It was merely not likely to meet a traveller within the place they travelled. As Nimlaïwen looked up at the sky, she layed eyes upon grey and dark stone. With a look to the horizon she saw stone aswell.
There was no blue sky in Moria. And there was no sun what would give the two travellers light. Only Randir’s belt buckle glowed in a soft white light within the darkness and showed them like a lamp where their path would lie.
“The halls below from whence I noticed the crackling laughter we should not seek. I warn thee, Mylady, something lurkth there down not asleep nor weak!”
Randir had the, for mere townsfolk confusing, habit to always rhyme and almost always to let the rhyme end on the last word. He let no chance out to make use of this habit, not even in the most unsuitable situations.
Nimlaïwen nodded firmly at Randir’s words and shouldered her backpack. The maiden carried no visible weapon. “I feel it too, friend. Something what should better be let unseen is down there and we are better with our fate to go up again and not to be any longer within these darkling depths. It is no place for my kind and neither for thine! Not even the Naughrim seek out these caves. In every shadow lurkth death.”
Randir frowned deeply, the wrinkles becoming even deeper on his forehead and causing slight shadows as the light from his belt met them. His hunchbacked nose wrinkled as if he would sniff the air as he looked into the darkness which seemed to roar at them from the doorway they camped infront of. Nothing good could come from such depths.
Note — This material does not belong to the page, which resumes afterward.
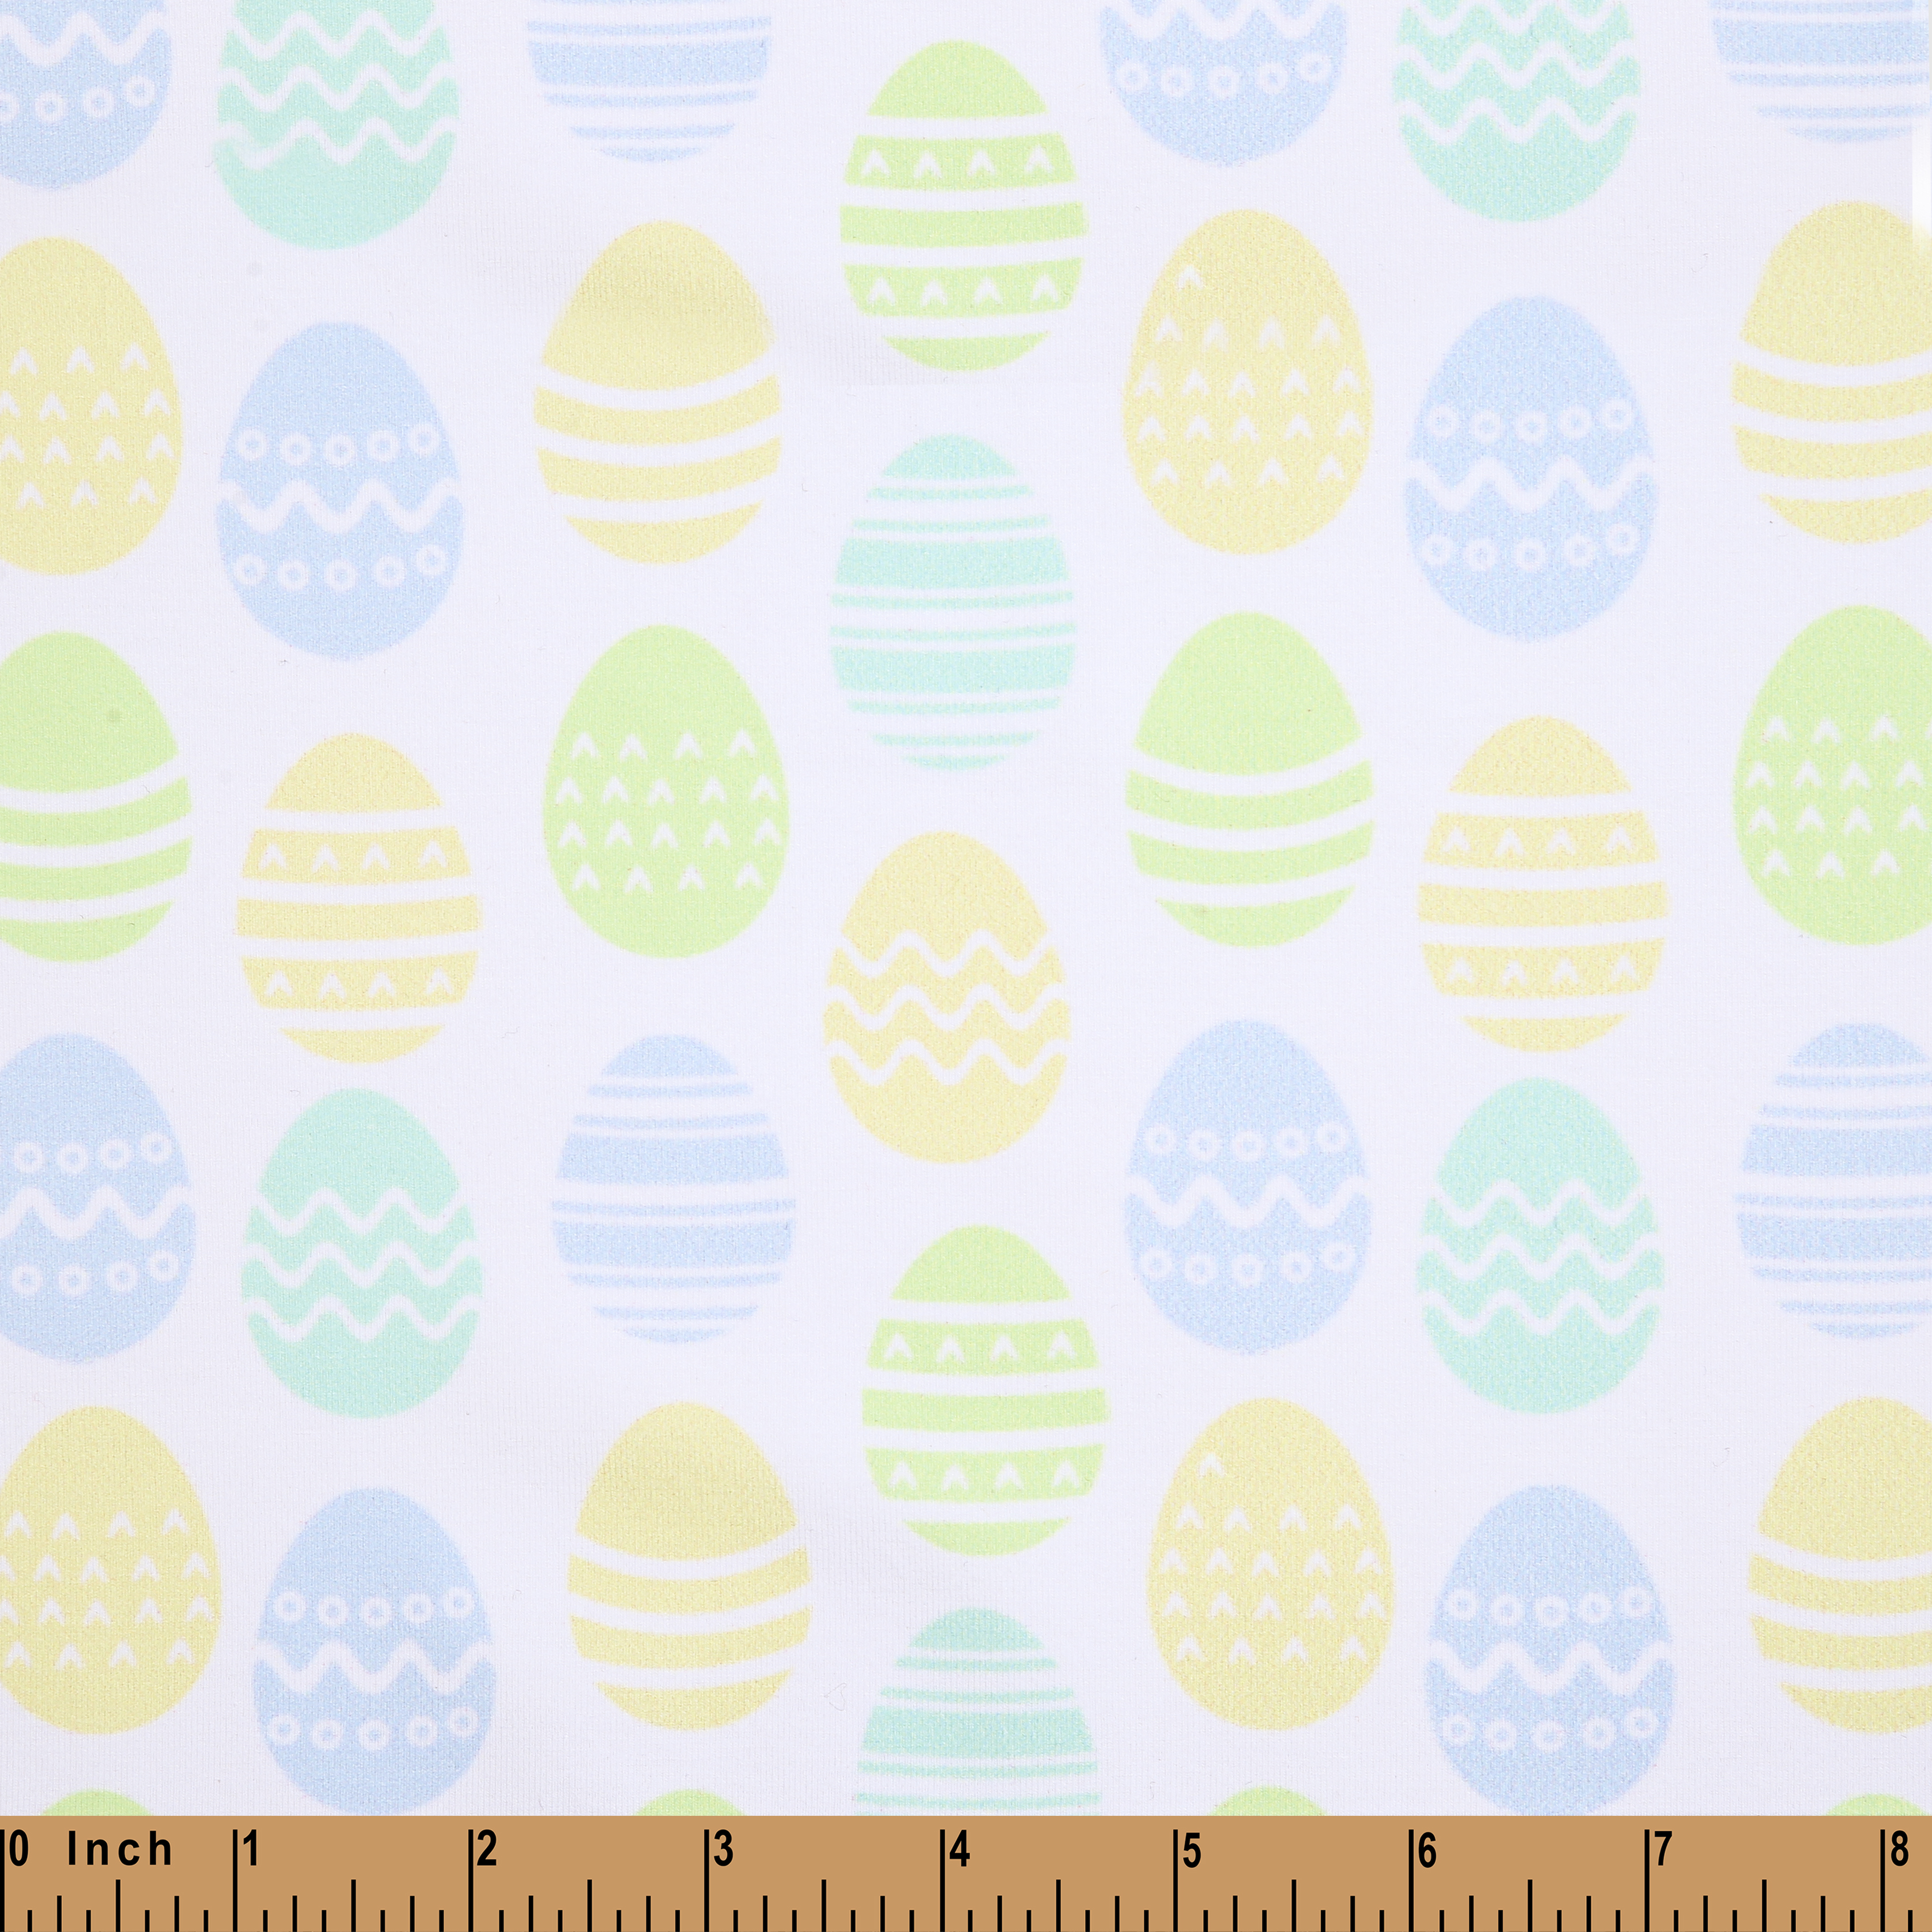 CD32- Easters eggs thin cardigan printing 4.0 fabric

The man grunted. “Not a dragon’s treasure could bring me towards down there. Buisness in these halls are not of my affair. Let us return at once and unharmed, before we find us by ork-kind charmed. And I have no need of goblins’ blades.”
He peered into the dark but his eyes were not able to spot anything. Randir muttered. Nimlaïwen’s eyes on the other hand were much stronger then any eye-pair of the mortal kind and actually sharper then most elven eyes aswell. She could easily spot what would await them once they would cross the treshold of the door-way. A round stair, screwing in circles further into the earth. The elven-maiden shook her head and peered at the huge stairs they came from. The way back would be the better choice and there would lie foolishness in the one’s decision to walk even deeper.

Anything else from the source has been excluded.